Cash-strapped Pakistan will soon get a $ 3 billion loan from Saudi Arabia, as the government headed by Prime Minister Imran Khan approved a deal to keep the amount at the country’s central bank, the government said. Saturday the media.

The Saudi government had promised to maintain a $ 3 billion reserve at the State Bank of Pakistan, Geo News reported.

According to the agreement, the aid will remain in the SBP deposit account for one year.

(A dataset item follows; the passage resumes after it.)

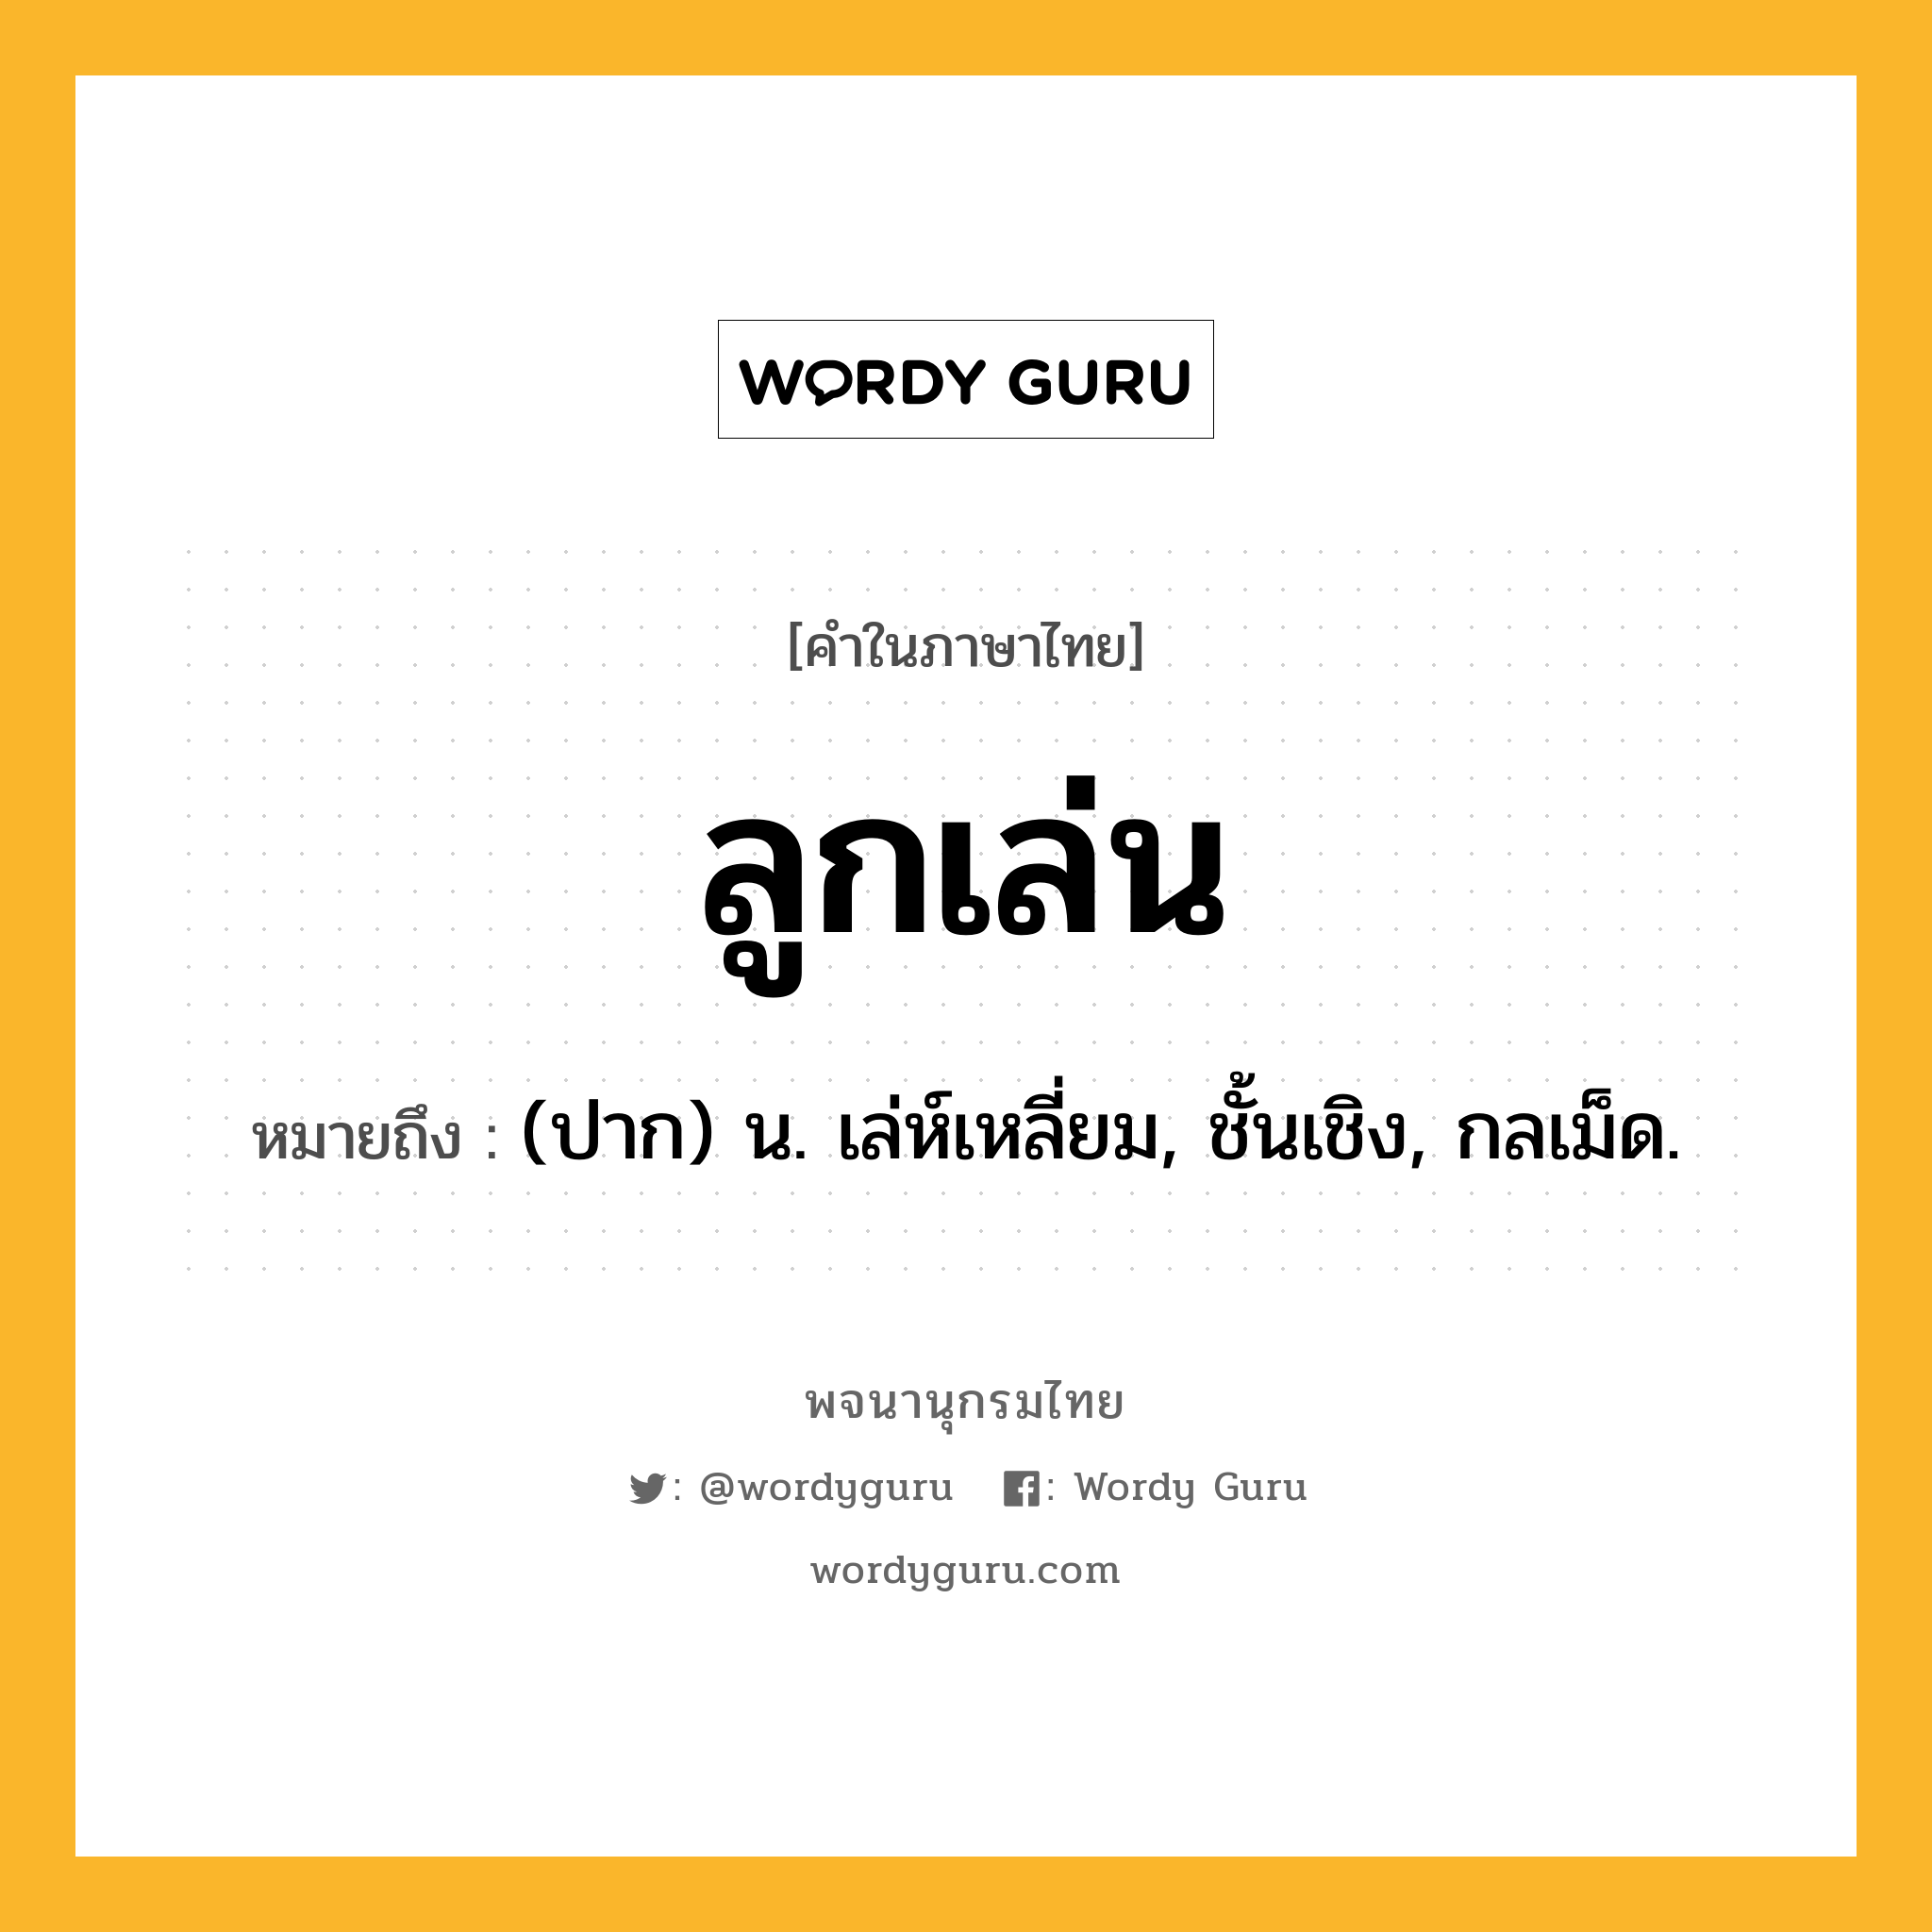 ลูกเล่น หมายถึงอะไร?, คำในภาษาไทย ลูกเล่น หมายถึง (ปาก) น. เล่ห์เหลี่ยม, ชั้นเชิง, กลเม็ด.
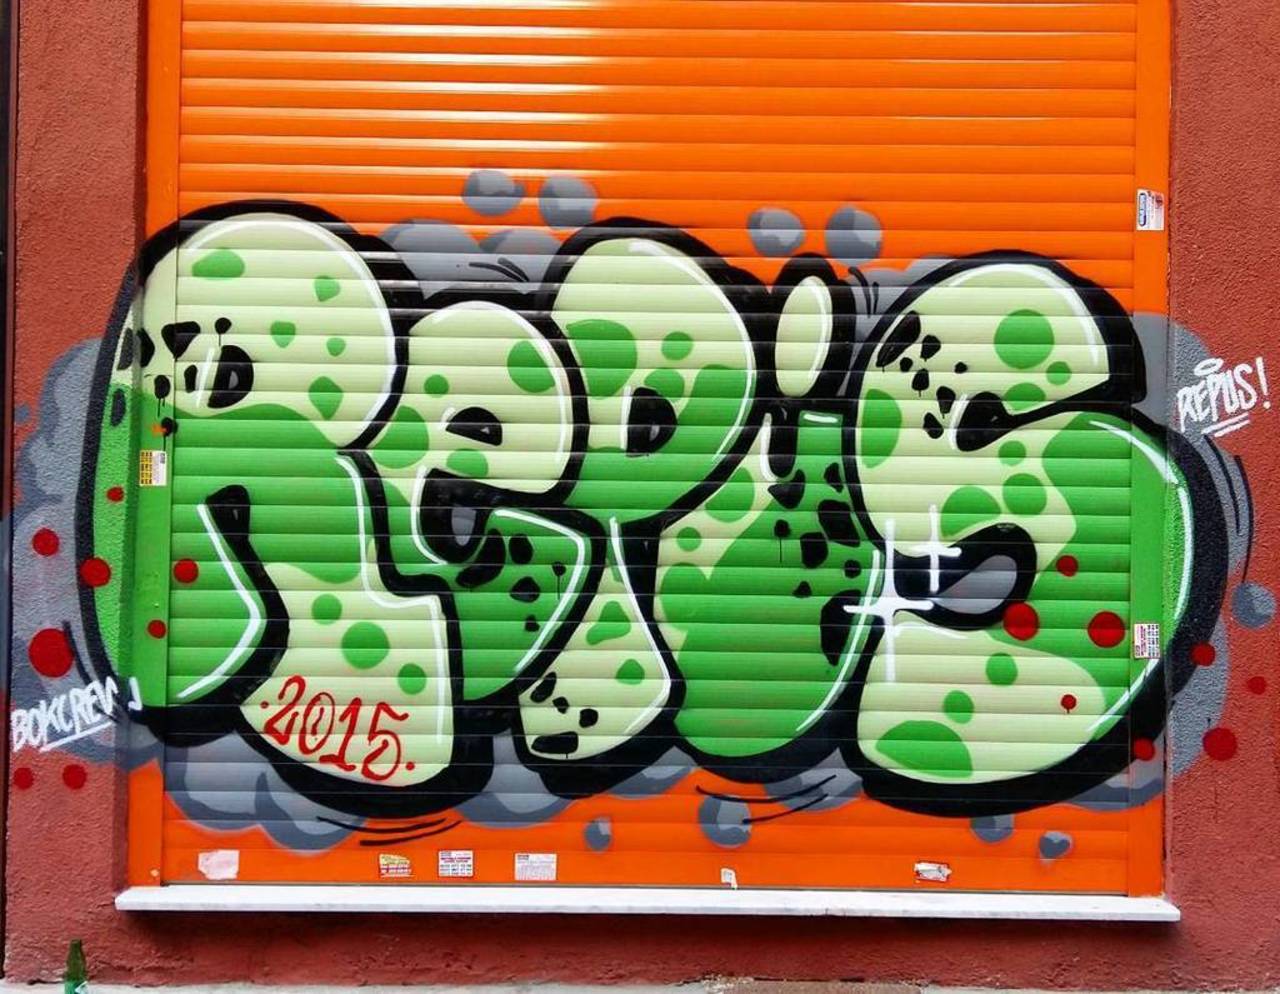 By @repusone @dsb_graff #dsb_graff @rsa_graffiti @streetawesome #streetart #urbanart #graffitiart #graffiti #street… http://t.co/GrpxfEW19V

“The SBP has finalized all the arrangements and now everything is in place and the agreed deposit amount will be received in the next few days,” official sources told The News.

The Federal Cabinet has approved the deal to keep Saudi Arabia’s $ 3 billion aid in the SBP, according to reports citing an official document.

The Cabinet approved the withholding by the State Bank of $ 3 billion from the Saudi Development Fund.

Pakistan’s total liquid foreign exchange reserves, according to the central bank, stood at $ 22.773 billion as of Nov. 19, according to Geo News.

The figures show that the SBP held $ 16.254 billion in foreign exchange reserves, while commercial banks retained $ 6.519 billion in net foreign exchange reserves.

The SBP’s reserves declined from $ 691 million to $ 16.254 billion in the week ended November 19, mainly due to external debt repayments.

Sources say Saudi Arabia has agreed to provide $ 1.2 billion for the supply of refined petroleum lubricants (POL), with the Economic Affairs Division (EAD) negotiating on behalf of the Pakistani government.

Responding to questions, Muzammil Aslam, spokesperson for the prime minister’s financial adviser, said Pakistan expected to receive $ 7 billion from just three sources over the next 60 days.

These include $ 3 billion in deposits from Saudi Arabia, a $ 1.2 billion Saudi oil facility with deferred payments, an $ 800 million oil facility from the Islamic Bank. development, $ 1 billion raised through the issuance of Sukuk bonds and $ 1 billion from the IMF. .

All of these inflows of dollars, he said, would be enough to ease the pressure on the country’s existing import bills.